──────── SUPPLIED INFORMATION
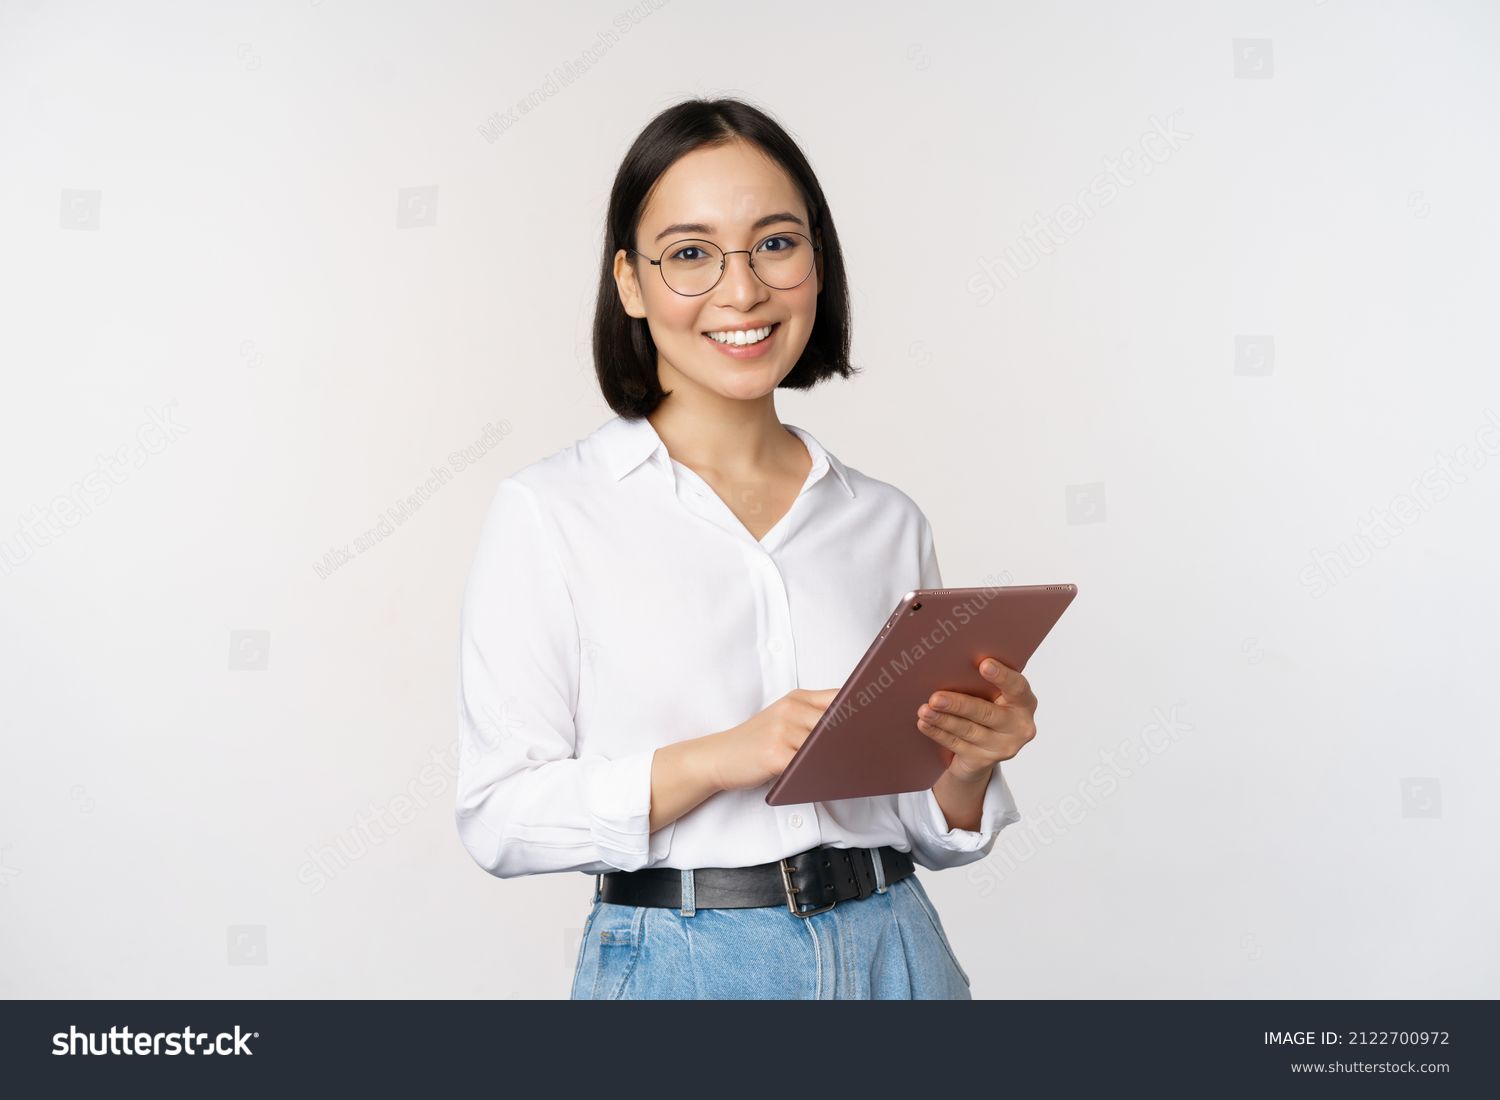 Image of young asian woman, company worker in glasses, smiling and holding digital tablet, standing over white background #2122700972
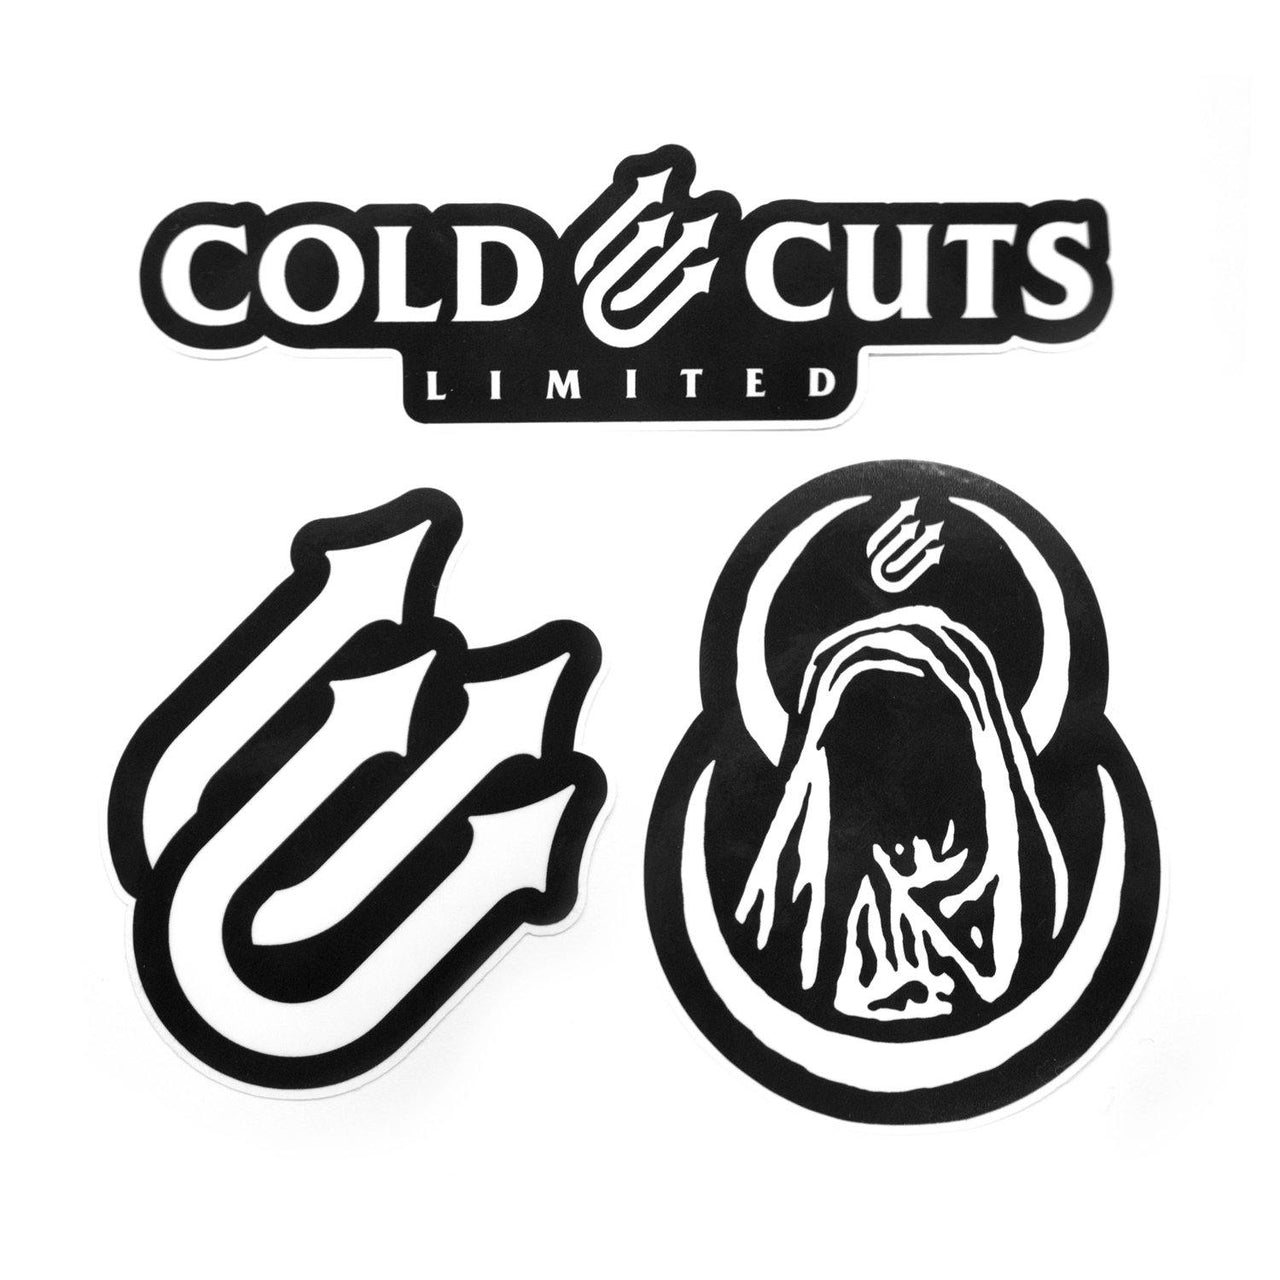 Buy – Cold Cuts Limited "CCL" Sticker Pack – Band & Music Merch – Cold Cuts Merch
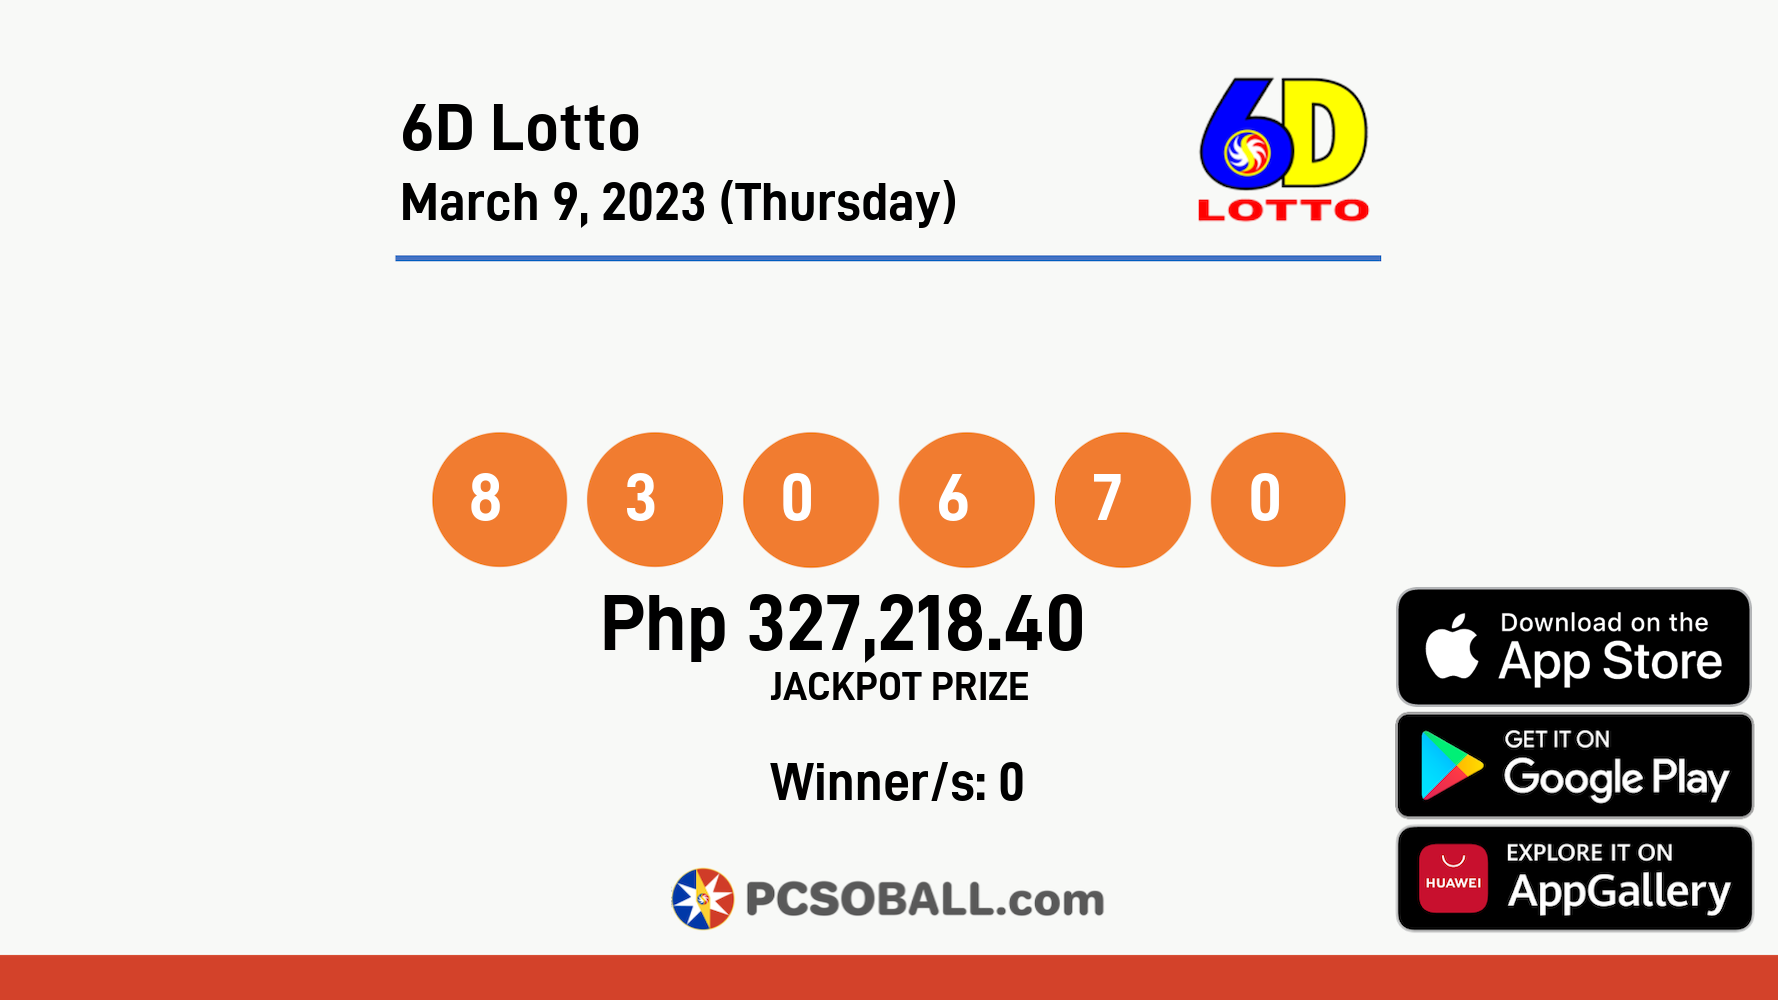 6D Lotto March 9, 2023 (Thursday) Result
────────────────
WORK ITEM:
Restate the full listing word for word, excluding images.

OUTPUT:
 Image of young asian woman, company worker in glasses, smiling and holding digital tablet, standing over white background #2122700972
 Buy – Cold Cuts Limited "CCL" Sticker Pack – Band & Music Merch – Cold Cuts Merch
 6D Lotto March 9, 2023 (Thursday) Result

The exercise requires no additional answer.